Glossary of epidemiological terms

attributable risk: The proportion of exposed cases that would not have gotten the disease if they had not been exposed.

bias: A technical term for playing favorites in choosing study subjects or in assessing exposure.

case-control study: Investigates the prior exposure of individuals with a particular health condition and those without it to infer why certain subjects got the disease and others didn't. Also known as the "Why me?" study.
cohort study: Follows a group of healthy individuals who have different levels of exposure, and characterizes their health outcomes over time with respect to their level of exposure. Also known as the "What will happen to me?" study.

confounding: Finding an association for the wrong reason.

cross-sectional study: Assesses a group's health status and exposure status simultaneously.
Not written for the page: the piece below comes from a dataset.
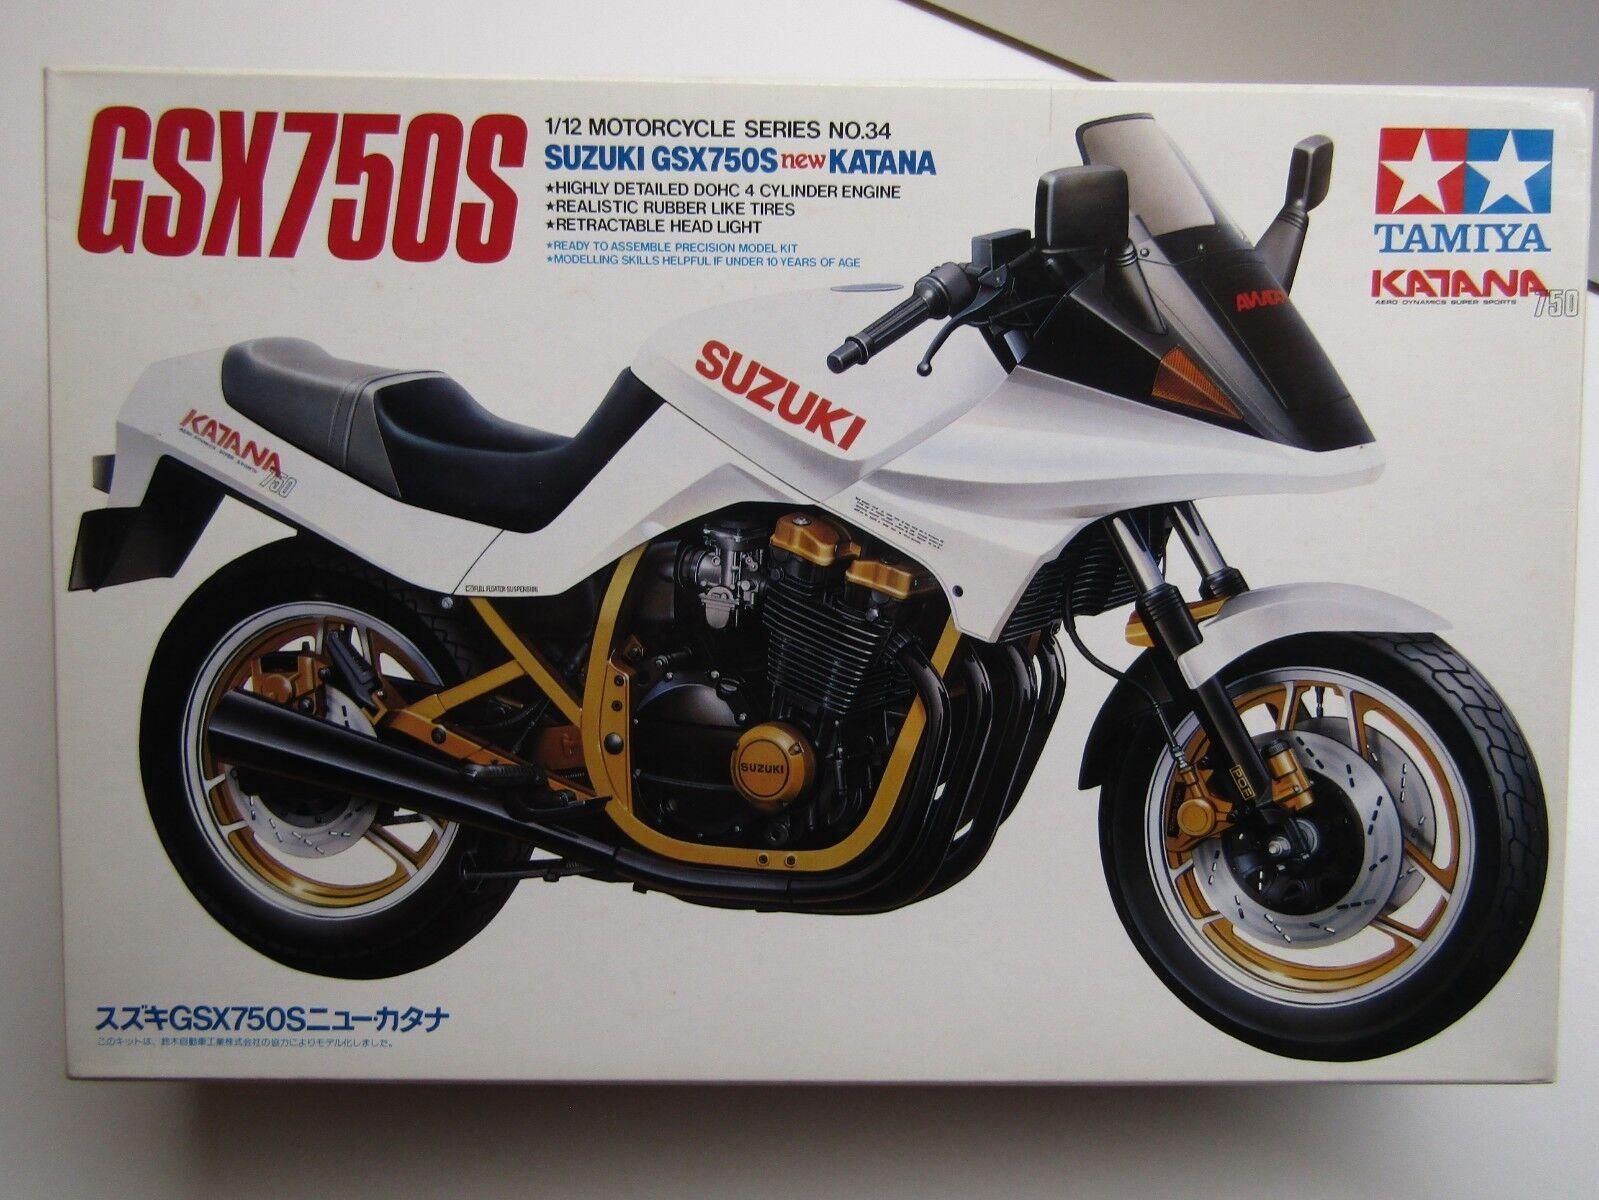 Tamiya 1 12 Scale Suzuki GSX750S New Katana Model Kit - New - Kit 900

Also called the "Am I like my neighbors?" study.

disease rate: The number of events (disease occurrences) per number of people in the population per unit of time.

false negative: obtaining a statistically non-significant result when an effect truly exists.

false positive: Obtaining a statistically significant result when there is no effect.

logistic regression: A statistical method for calculating odds ratios for individual risk factors where a variety of risk factors may be contributing to the occurrence of disease.

occupational study: Studies in which subjects are chosen from the workplace.

odds ratio: The comparison between the odds of exposure among cases to the odds of exposure among controls.

p-value (probability value): The probability that an index of effect is as extreme or more extreme than that observed even if no effect exists (i.e., if the null hypothesis if false).

proportional mortality ratio: The proportion of total deaths represented by a particular cause of death in the occupational cohort measured against the same cause in the reference population.

relative risk: The measure of risk for those exposed compared to those who are not exposed.

standardized incidence ratio: The rate of incidence of disease in the worker group compared to that rate in the reference group.

standardized mortality ratio: The rate of mortality in the worker group due to a specified cause compared to the rate for the same in the reference group.

statistical power: The probability that one can detect an effect if there really is one.

statistical significance: The probability of obtaining a result as extreme or more extreme as that observed even if the null hypothesis is true.

survival analysis: Charts the survival of the group with the risk factor and the group without it to determine if the survivals differ.